Никакого уважения ни к должности, ни к партийному стажу.
– Это негигиенично, – пролепетала Виктория.
– Зато шею сломать, голову разбить – очень гигиенично! – возмущалась женщина-врач. – Уборку влажную проводить в помещении – не меньше двух раз в сутки! Не меньше!
Виктория послушно кивала и чувствовала себя… ну вот в точности, как в детстве, еще при царе, когда люди еще не обрели свободы, были скованы условностями и тащили на себе груз исторической вины.
К счастью, с Октябриной обошлось. Она не сломала шею и не разбила голову, просто ушиблась и напугалась. Дети гибкие, как кошки, если их распеленать, они при падении инстинктивно группируются, выставляют вперед ручки и ножки, чтобы смягчить удар. Бывает хуже, когда дети падают нераспеленутые.
Но это падение со стола стало для них как бы дурным знаменьем. Таких страшных случаев больше не было, однако Виктория и потом не раз оказывалась недостаточно проворна. Погруженная в свои статьи, лекции, исторические изыскания, не поспевала она за Октябриной.

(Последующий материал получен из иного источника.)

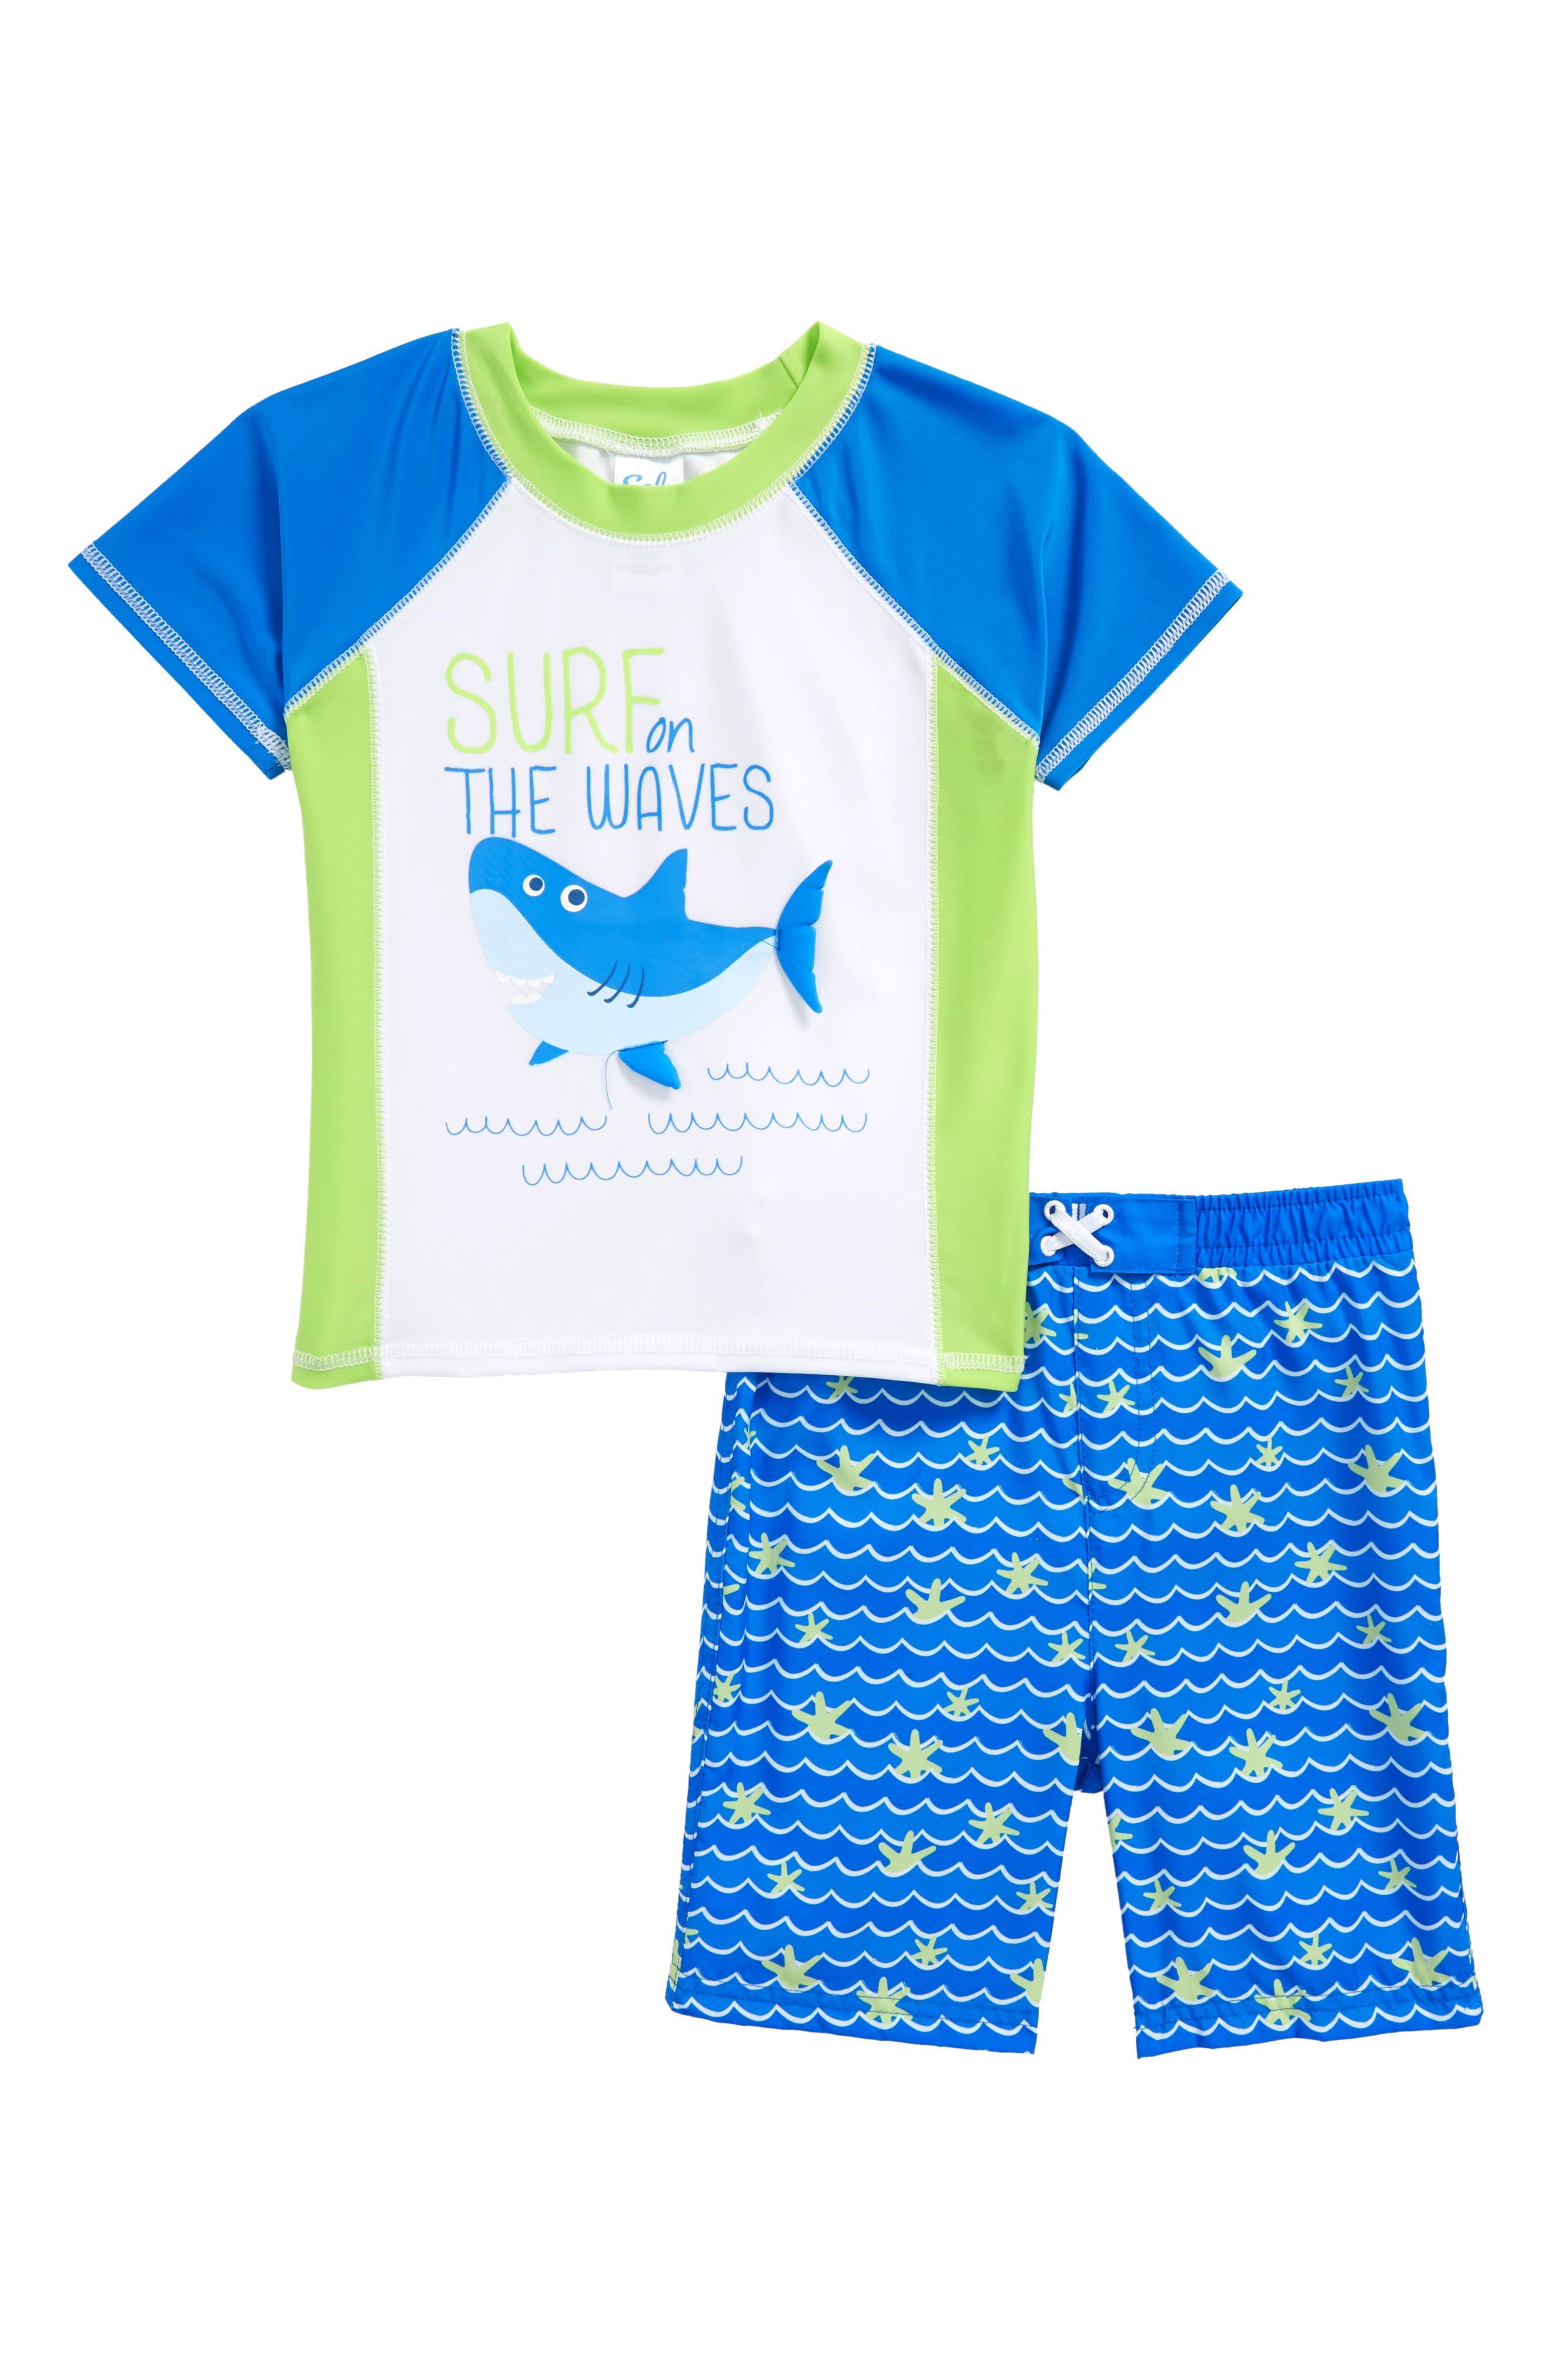 Shark Surf Two-Piece Rashguard Swimsuit,                         Main,                         color, 400

Страшный удар нанес Виктории ХХ съезд партии. Умом, внутренне присущим ей чувством справедливости, тем, что люди за неимением других синонимов называют совестью, она понимала, что надо сказать правду о злодеяниях и несправедливостях, надо выпустить невинных из лагерей, надо вернуть оклеветанным честное имя. Но уж больно страшна эта правда. А новые лидеры не внушали ей доверия. За Сталиным народ шел, а за этими – во главе с Маленковым и Хрущевым – разве пойдет? Нет, не пойдет.
И, главное дело, реформы оказались уж больно половинчатыми. Так сказать, «без Сталина по сталинскому пути». Фестиваль 1957 года, обрушивший границы, конкурс Чайковского с первой премией Ван Клиберну (ходили слухи, будто потребовалось личное вмешательство Хрущева: в ЦК считали, что наши непременно должны быть первыми, хотя и жюри, и публика были на стороне американского пианиста), «Новый мир» и «Юность», «Один день Ивана Денисовича», поэтические концерты в Политехническом – это все с одной стороны. А с другой – подавление восстания в Венгрии, Берлинская стена, травля Пастернака, журналы «Октябрь» и «Огонек», скандал на выставке в Манеже, искореженный фильм «Застава Ильича», позорное дело валютчиков, расстрелянных по закону, которому придали обратную силу, и многое, многое другое…
Особенно остро эту половинчатость ощутила молодежь. Октябрина как с цепи сорвалась. Отказывалась носить пионерский галстук, при первой же возможности срывала с шеи. Когда Виктория приступила к ней с вопросами, ответила: это для малышни. То же самое с комсомольским значком. Сидеть на собраниях, изнывать от скуки, кому это надо? Ей хотелось как можно скорее стать взрослой.